The bottom line of the 2016 presidential election is that black, Hispanic, and millennial voters just didn't vote for Clinton, or vote at all, in the numbers that were expected nor the number she needed to counter the older, whiter fan-club of Donald Trump.

Exit-poll data is far from precise, but it does at least give us an informed idea of why things went the way they did. And all signs indicate that it wasn't some radical realignment of voting blocs nor new and unique conditions that drove Donald Trump to victory. Like so many GOP leaders before him, Trump's support was derived largely from older, white, and middle- to upper-class voters, with young people, non-whites, and working-class voters overwhelmingly choosing Clinton. But Clinton couldn't get as much support from these groups as she needed to counter the predictable wave of older, white voters for Trump.

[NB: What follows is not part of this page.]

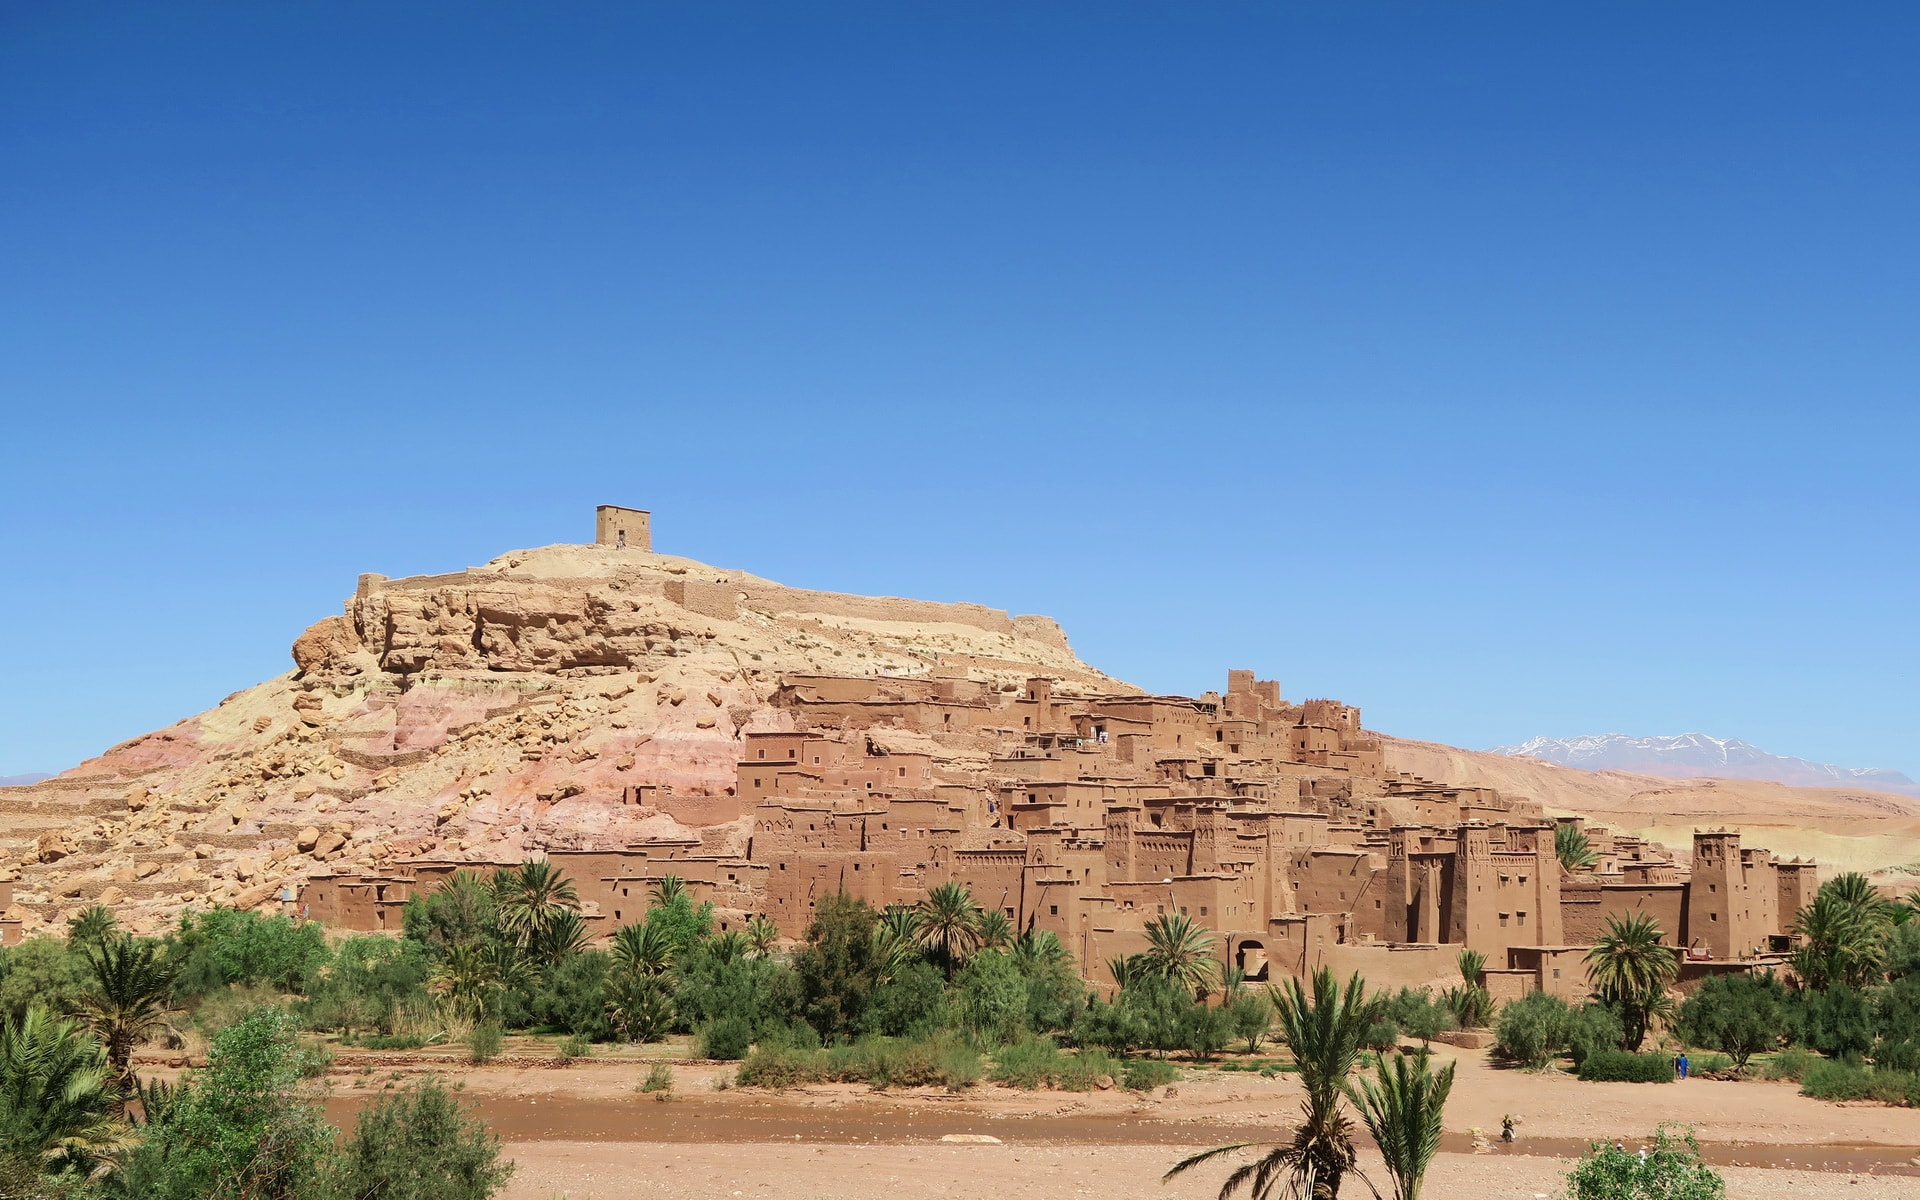 Active Treks Morocco - Marrakech to Fes tour
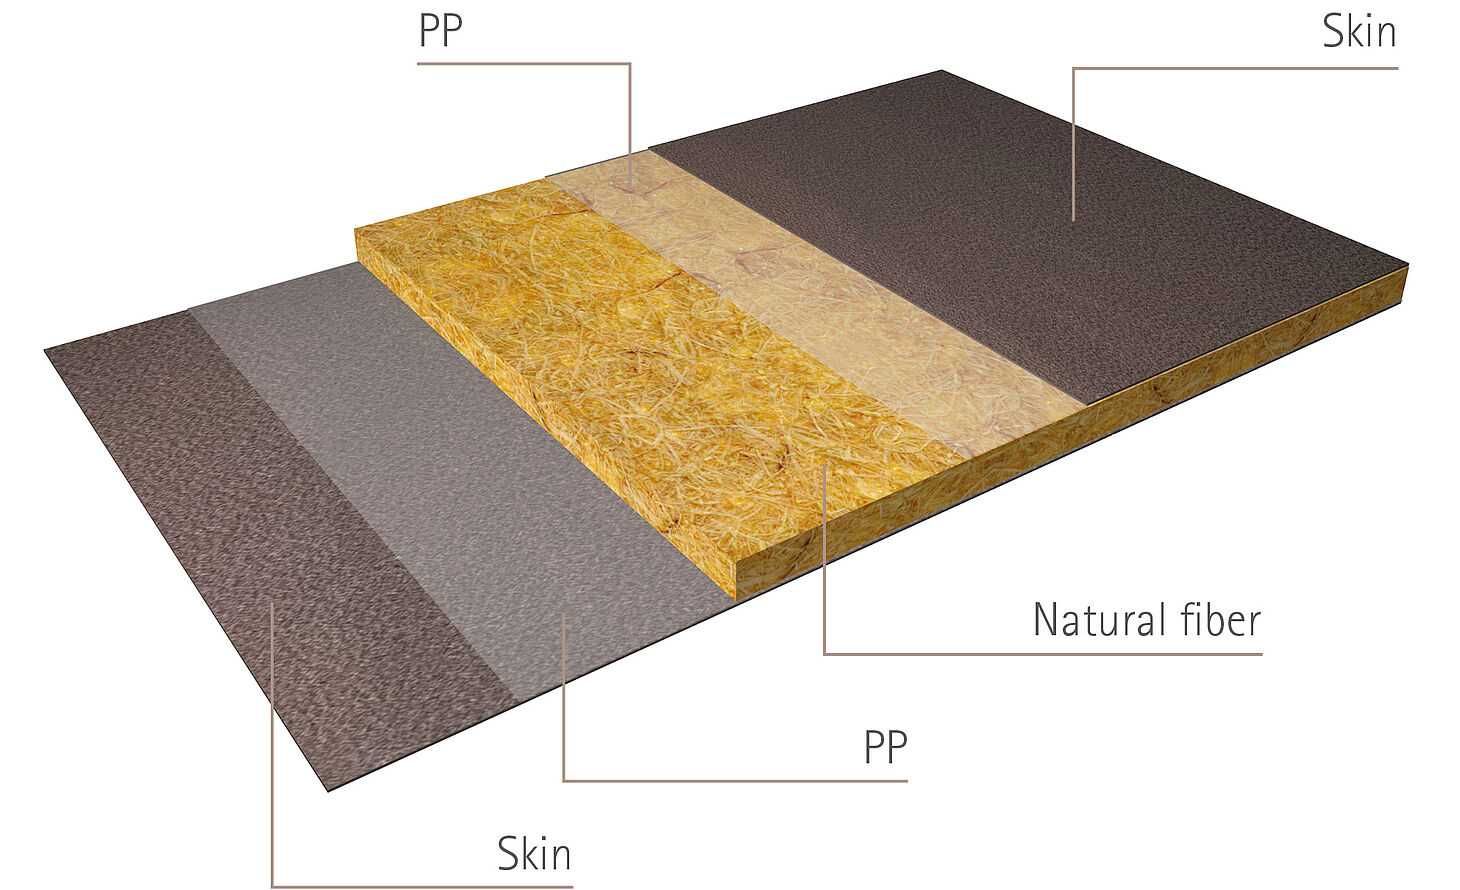 древесно-пластиковый композитный материал с разнообразным полимерным или натуральным сырьем

Across every key Democratic demographic, Clinton's numbers were down compared to Barack Obama's in 2012. According to CNN exit polls, 88 percent of black voters chose Clinton this year, while 93 percent of black voters went with Obama in 2012. Black voters also made up less of the total electorate this year—12 percent, down from 13 percent.

Exit Polls: Over 2 million fewer black voters showed up in '16 than in '12, there was an increase in Hispanic turnout #Election2016

— Emily Ekins (@emilyekins) November 9, 2016

Latinos, too, showed less enthusiasm for Clinton this year than they did for Obama, who won 71 percent of the Hispanic vote in 2012, compared to 65 percent this year for Clinton. And Asians were also less Democrat-positive in 2016, with 65 percent choosing Clinton this year, compared to 73 percent for Obama four years ago.

Among millennials, there wasn't any more love for Trump than there had been for Mitt Romney. But young voters did show less love to Clinton than they did when it came to Obama. CNN's polls showed Trump and Romney captured the same percentage of 18- to 29-year-old voters—37 percent—but Obama won 60 percent of this age group in 2012 while Clinton got just 55 percent this year.

And while 52 percent of Americans who earn less than $50,000 per year voted for Clinton (compared to just 41 percent for Trump), Obama fared better among low-income voters in 2012.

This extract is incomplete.